Bottom Line: Repealing the insurance exchanges or Medicaid expansion sounds satisfying, but figuring out how to effect that without adversely re-shifting the federal/state allocation of responsibility and financing will take significant time. Expect this effort to consume much of the first two years of the Trump administration – unless we see a “summary execution” firing squad for the ACA that lets the chips fall where they may. If that happens, expect to see increased state taxes in many places, decreased state public services and a lot of political sound and fury. And if we just see a movement against the employer mandate, that’s the string that unravels the sweater and potentially increases the cost burden further on the federal government, which is clearly contrary to the intended consequences. A most interesting Rubik’s cube of politics that will take longer than expected and will require much more political capital. Also, neither changes to Medicaid expansion or the public insurance exchanges in my view will directionally change the move of the healthcare system toward risk-based reimbursement and population health management.

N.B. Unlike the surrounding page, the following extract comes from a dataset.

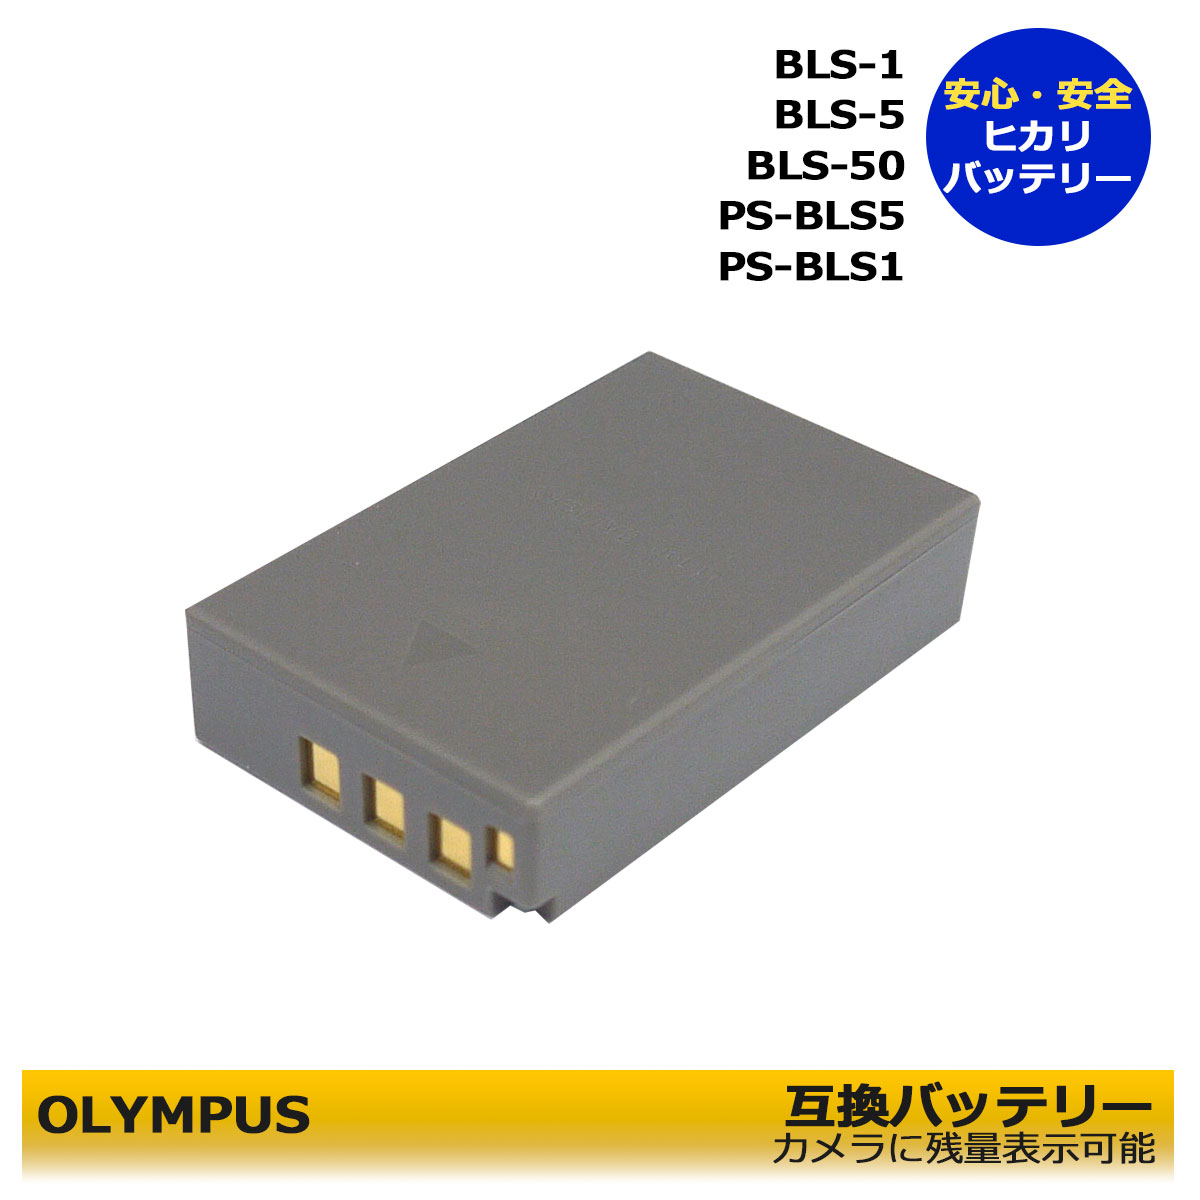 送料無料 BLS-5 / BLS-50 / PS-BLS5 / BLS-1 / PS-BLS1 OLYMPUS 互換バッテリー 1個 PEN E-P1 / E-P2 / E-P3 / E-PL1 / E-PL1s / E-PL2 / E-PL3 / E-PL5 / E-PL6 / E-PL7 / E-PL 10 【カメラ本体に残量表示可能】Stylus 1s E−M10 Mark IV OM SYSTEM OM-5
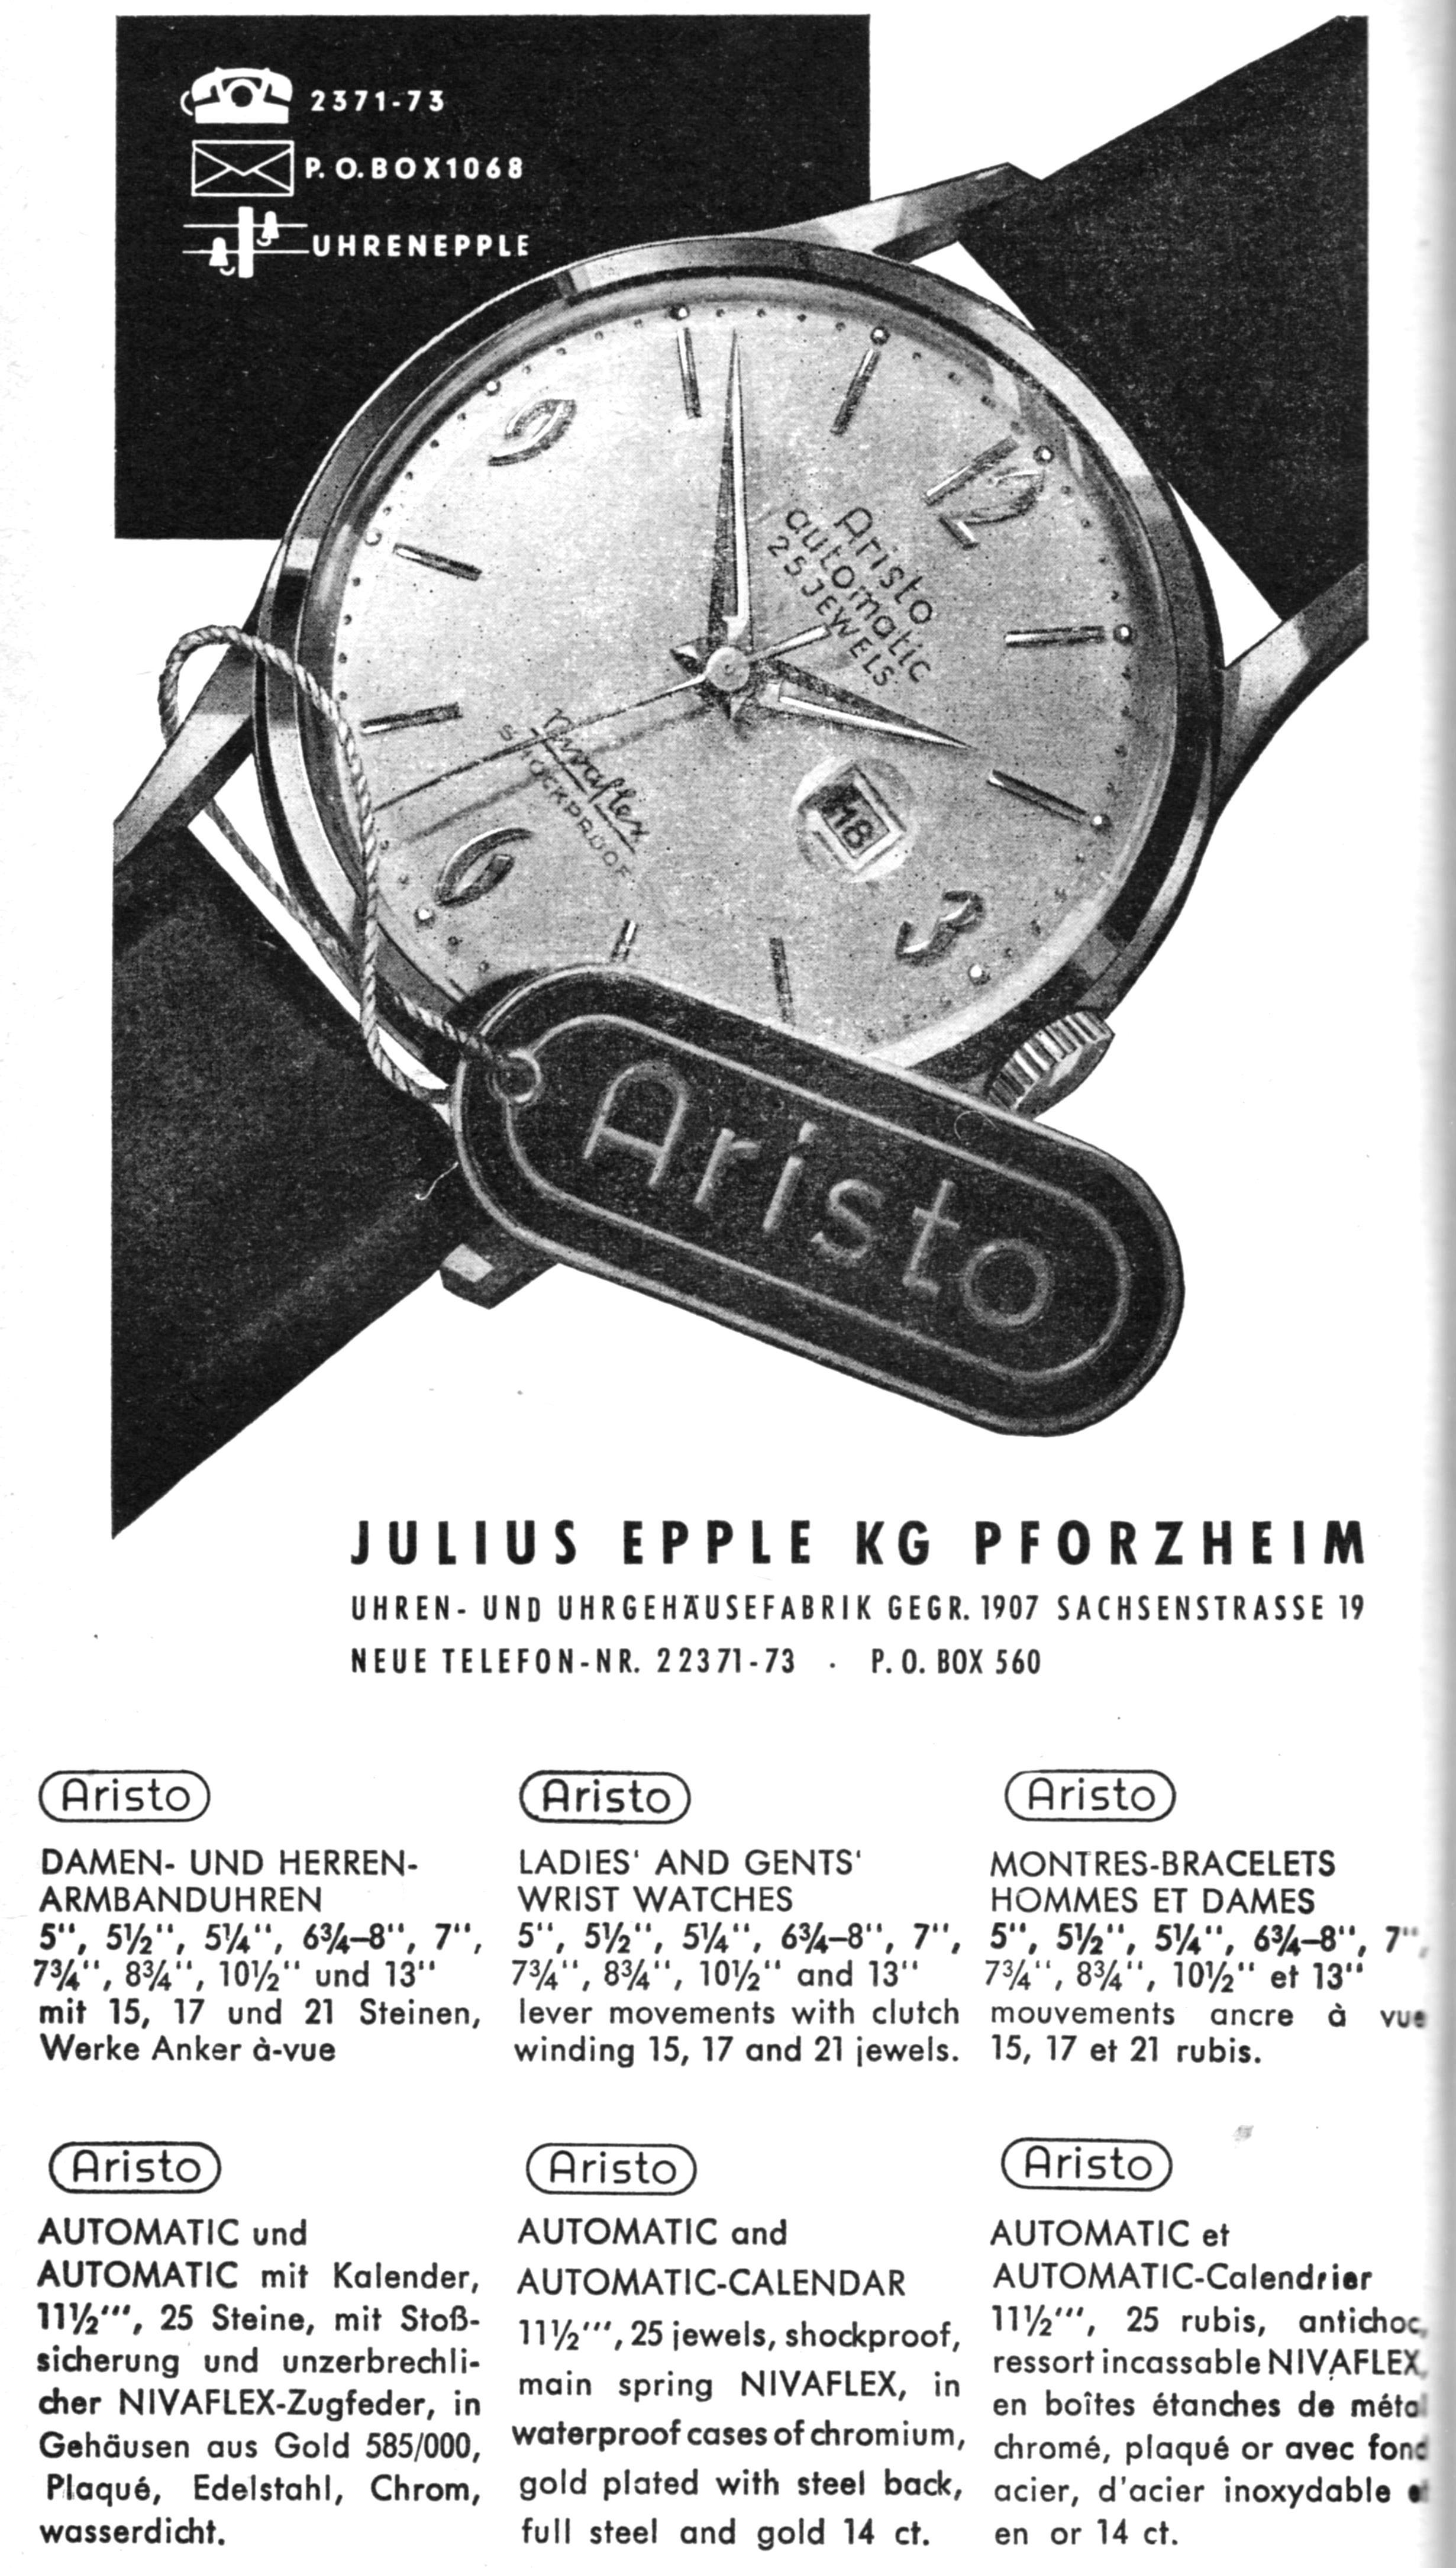 Aristo 1962.jpg

Issue – The Physician Sector and MACRA: It is unlikely that we will see significant reimbursement cuts coming in the next year or two, given where Medicare and Medicaid fee for service reimbursement rates are currently. There’s frankly not a lot left there before we drive further opt-out by doctors of the Medicare and Medicaid programs. However, I believe that we will see, absent a directional shift from the Trump administration, the continuing push toward growth of Medicare Advantage, so as to gain the benefits noted above for risk-based reimbursement systems, population health management and provider delivery system coordination and alignment.

That said, it is clear that the Trump campaign and many Republican did not like the prescriptive nature of the ACA, especially with regard to items like the employer mandate. Given that desire to move away from federal regulatory prescriptions, what is the future of the recent MACRA regulation that was dropped on the U.S healthcare system in the past month with more than 2,400 pages? Also, will the CMS leadership that designed and implemented MACRA remain for the Trump administration? If they go, will MACRA go too?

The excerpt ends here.